Emerging projects like Remittix (RTX) and AlphaPepe (ALPE) have started drawing speculative capital away from Solana. Remittix, with over 40,000 active holders and $27.7 million raised, targets cross-border payments and fiat conversion, bridging the gap between crypto and traditional banking rails. Meanwhile, AlphaPepe (ALPE), trading near $0.00722, combines meme-driven virality with audited staking mechanics — a model appealing to high-risk traders seeking early-stage multiples.

This migration of speculative capital toward newer tokens partially explains Solana’s muted momentum despite fundamental health. While SOL continues to attract institutional liquidity, retail traders are increasingly chasing presale opportunities with higher short-term payoff potential.

Critical Support and Resistance Zones for SOL-USD

As of now, the $178–$180 zone forms the key support floor. A breakdown below this range could trigger liquidations toward $155, while a clean recovery above $198–$209 would reset bullish momentum. The broader ascending trendline from early 2025 remains intact, but the wedge pattern suggests a test of both extremes before the next directional move.

If bulls manage to reclaim $210 as new support, Solana could target $240–$260 within weeks, with a possible extension to $280–$300 if ETF inflows accelerate. Conversely, sustained weakness below $180 may expose the asset to a prolonged consolidation phase lasting through mid-November.

Institutional Strategy and Market Position

Institutional accumulation, reflected in ETF flows and staking participation, continues to offset retail selling. Long-term investors are betting on Solana’s infrastructure dominance and low transaction costs, treating current consolidation as a strategic entry zone rather than an exit point. Analysts from several major funds expect Solana’s market capitalization to retest $90–$100 billion by mid-2026 if network expansion continues.

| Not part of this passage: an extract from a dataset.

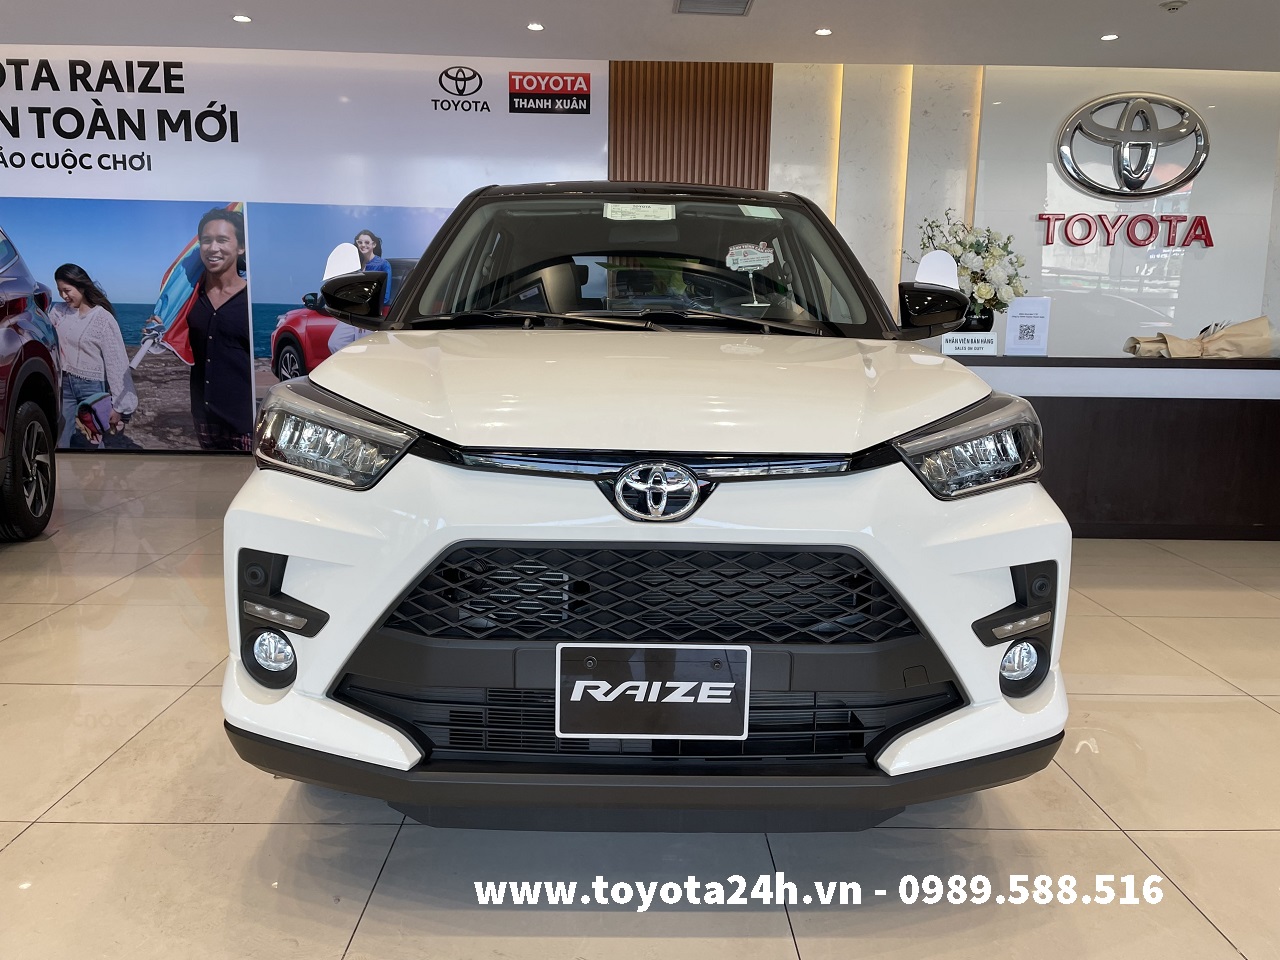 Toyota Raize 2022 với màu trắng nóc đen và bảng giá xe hợp lý là điểm nhấn của chiếc xe này. Được trang bị đầy đủ các tính năng tiên tiến và tiết kiệm nhiên liệu, Toyota Raize sẽ là lựa chọn đáng cân nhắc cho những ai đang tìm kiếm một chiếc xe đáng mua.

At the same time, Solana’s role in real-world assets (RWAs) tokenization and payment integration remains underutilized — representing untapped upside potential. Should regulatory approval for tokenized securities and payments on Solana progress, the network could see a new inflow wave from fintech platforms by next year.

Verdict: Solana (SOL-USD) — A Cautious Buy Amid Technical Weakness

Solana (SOL-USD) sits at a defining juncture. The 83% reduction in holder outflows, $417 million ETF inflows, and steady ecosystem growth present a strong long-term backdrop. Yet, negative CMF, rising wedge structure, and weak SOL/BTC ratio suggest near-term caution.

Given the mix of accumulating fundamentals and fragile technicals, Solana (SOL-USD) is rated a Cautious Buy, with key validation points at $198 and $210. A confirmed breakout above those levels would signal the next leg toward $240–$260, while failure to defend $178 could push the price back to $155–$160.

The market’s next move hinges on whether institutional demand can overpower short-term selling. For now, Solana holds the critical $185 zone — a balance point between correction and renewed expansion.